Monday, January 2, 2012

A question of process

While we await the decision of the Ontario Court of Appeal regarding the case brought by the Friends of Lansdowne, it is interesting to consider similar issues which do not involve redevelopment of Lansdowne Park.
In the Globe and Mail of Friday December 30, there was an interesting article entitled "Does it matter if our laws are passed illegally?" by Peter H Russell, professor emeritus of political science at the University of Toronto. Professor Russell deals with the fact that Royal Assent was given on Dec. 15 to Bill C-18, the "Marketing Freedom for Grain Farmers Act. This is the legislation which ends the Wheat Board's monopoly for sales of wheat and barley from Western Canada.
Professor Russell notes that on Dec. 7 the Federal Court had ruled that the way Bill C-18 was introduced into Parliament violated the Canadian Wheat Board Act. My understanding is that the Wheat Board Act calls for a referendum among grain producers prior to a change in the monopoly provisions.
This seems to be very similar to situation which applied to City procurement procedures in the case of Lansdowne. The Friends of Lansdowne argued before Ontario Superior Court that the City had violated its own procurement regulations in the way it proceeded with the Lansdowne redevelopment scheme. The Court seemed to take the position that because City Council has the authority to amend its procurement procedures, it has full authority to do whatever it wants. The contrary view, held by the Friends of Lansdowne, was that Council should amend its regulations if it wishes to engage in an as-yet-disallowed procurement action.

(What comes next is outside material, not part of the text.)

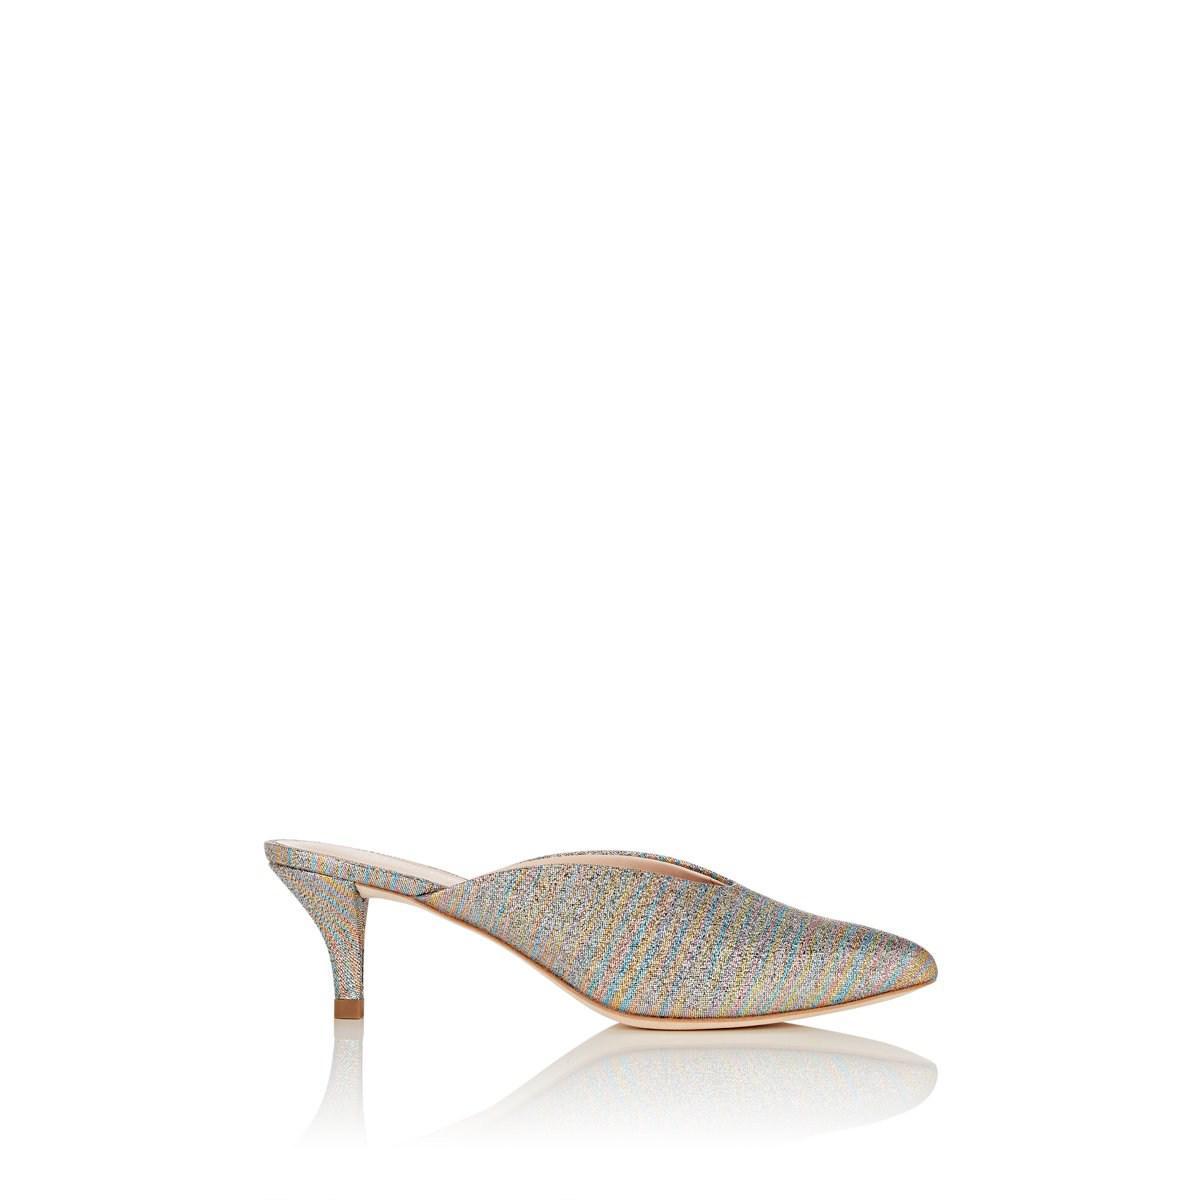 d98e8b76c6 Loeffler Randall Juno Glitter Striped Mule - Save 62% - Lyst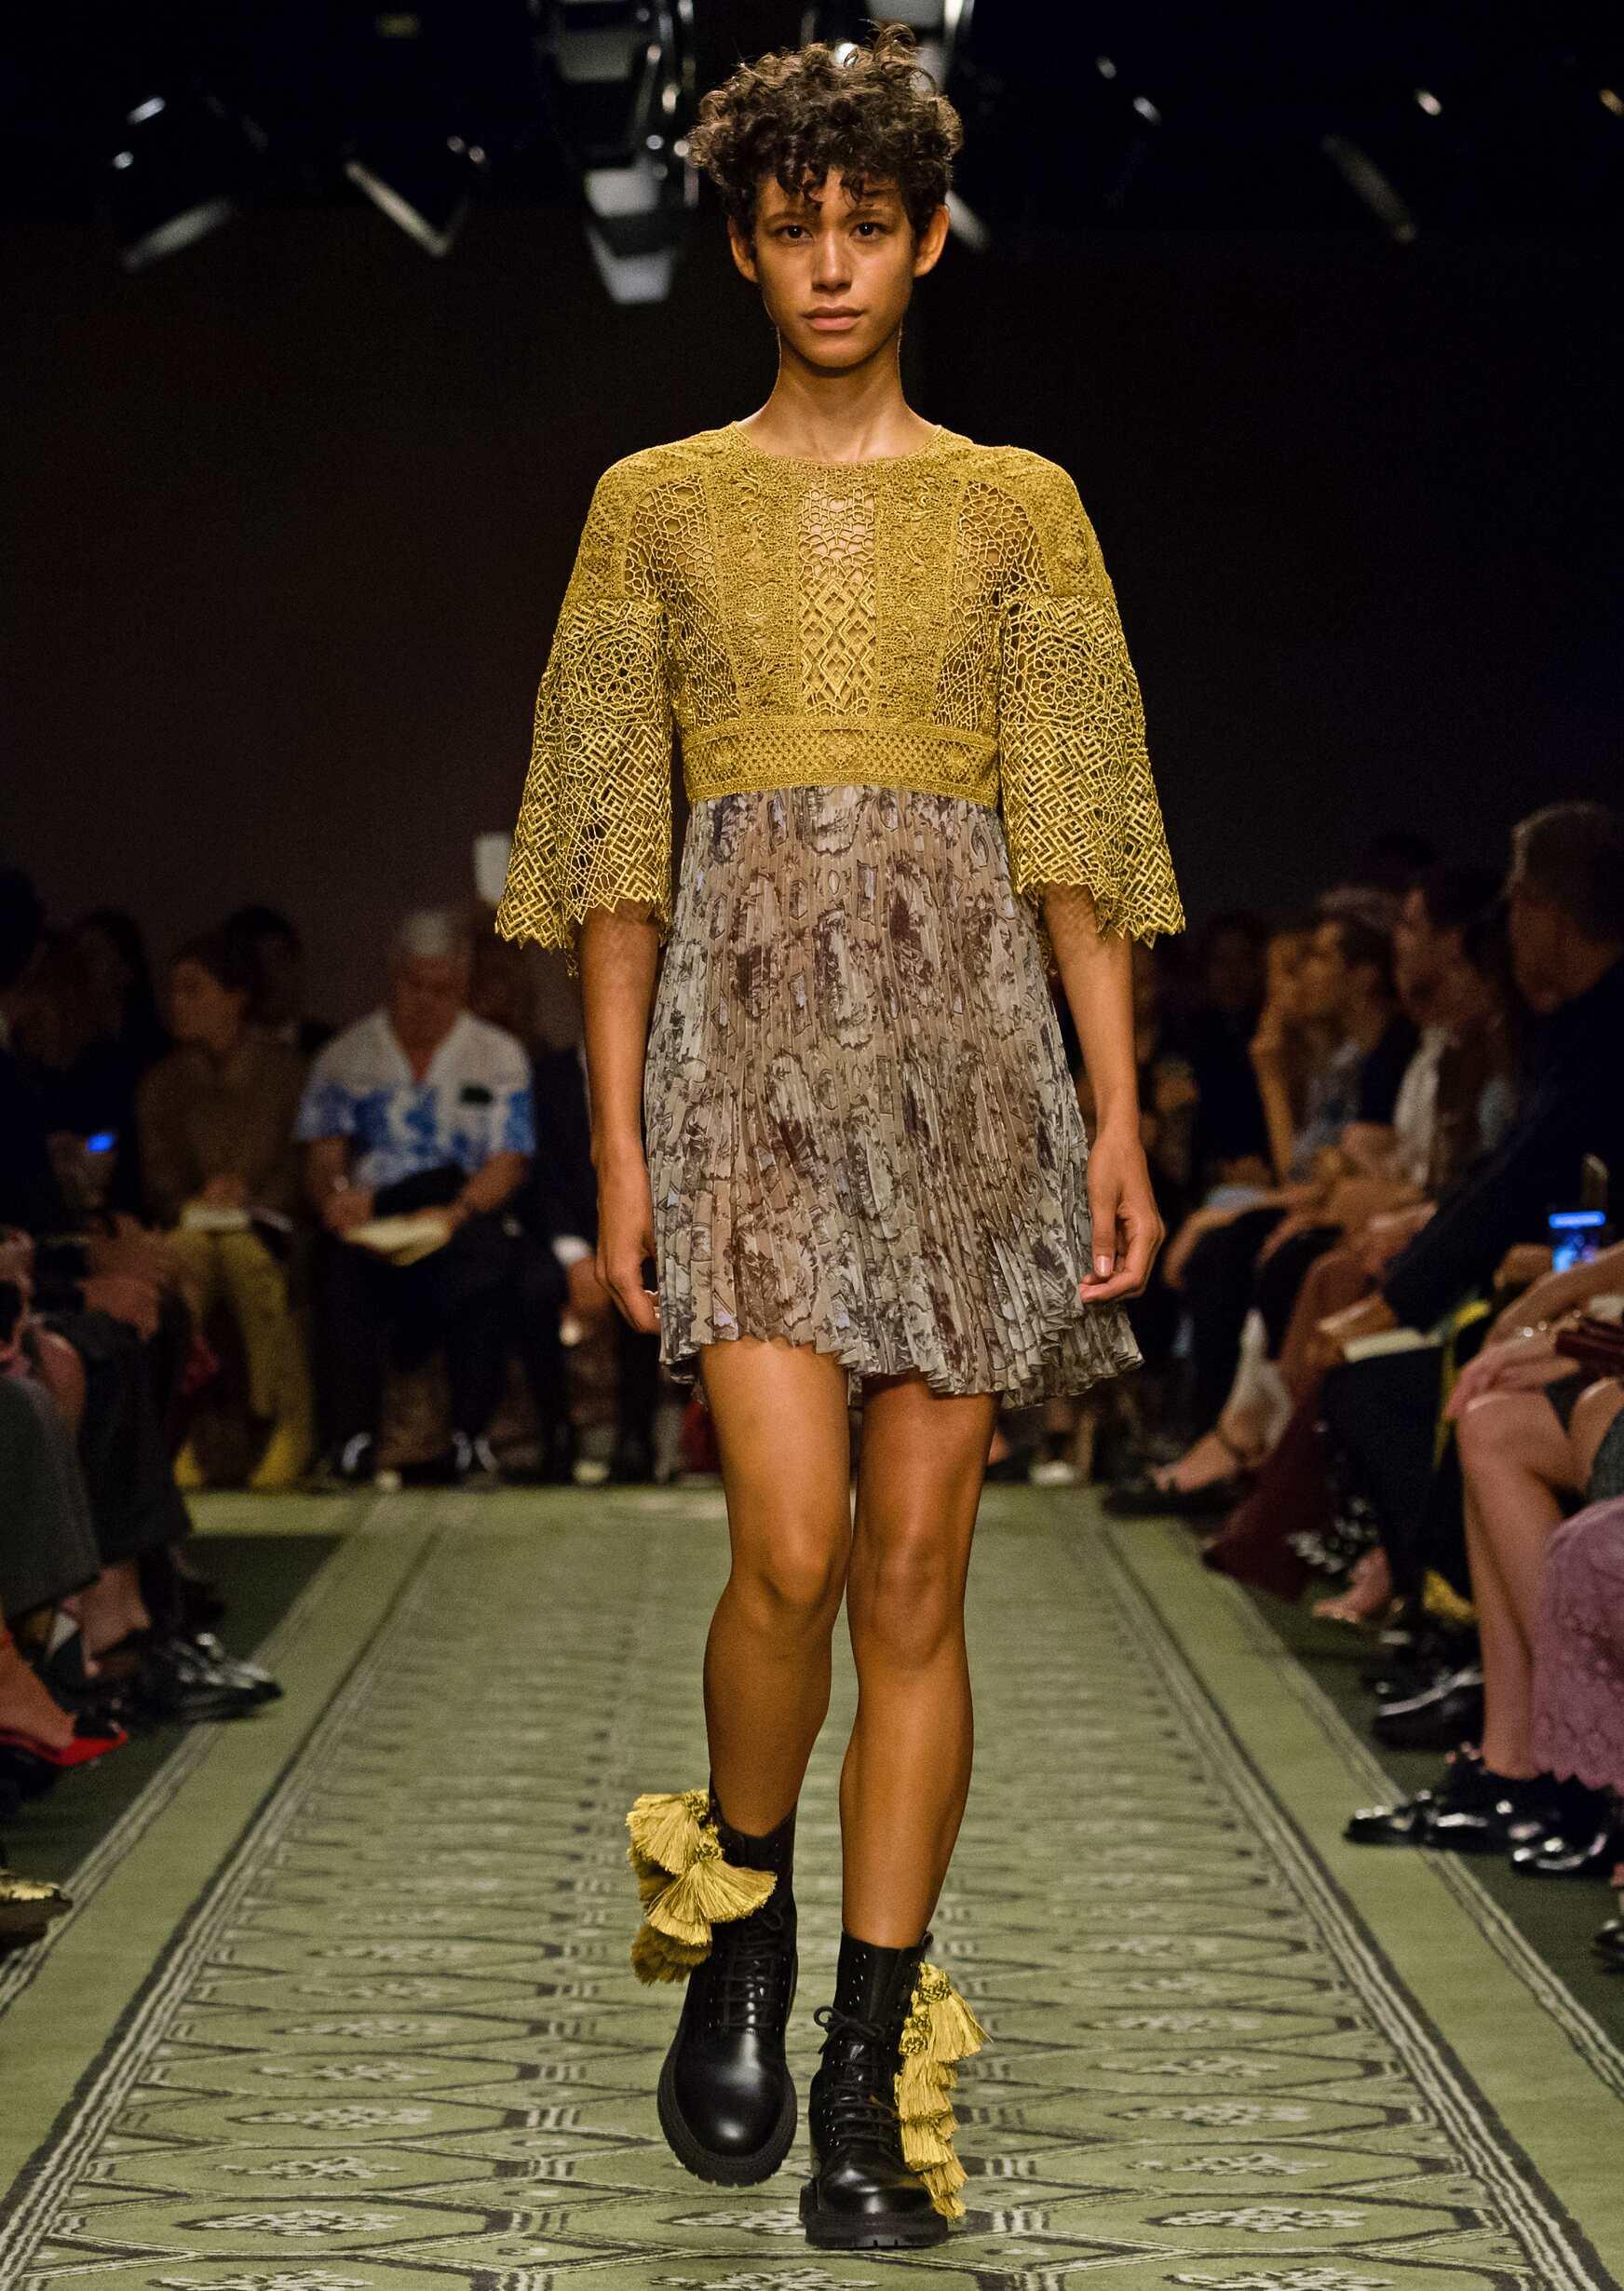 Fashion Woman Model Burberry Catwalk London Fashion Week

So there is a similarity to the Wheat Board matter. The federal government could have first amended the Wheat Board Act to remove the requirement for a referendum, and then eliminated the monopoly feature in the Act. Similarly the City of Ottawa could have modified its procurement procedures, either its procurement by-law or its Ottawa Option procedure for unsolicited proposals, to provide a legitimate basis for its actions in striking its deal with OSEG.
Both the City of Ottawa and, I expect, the Government of Canada, will be needlessly spending resources defending their mistaken ways of operating. It's great news for members of the bar, but not so great for taxpayers.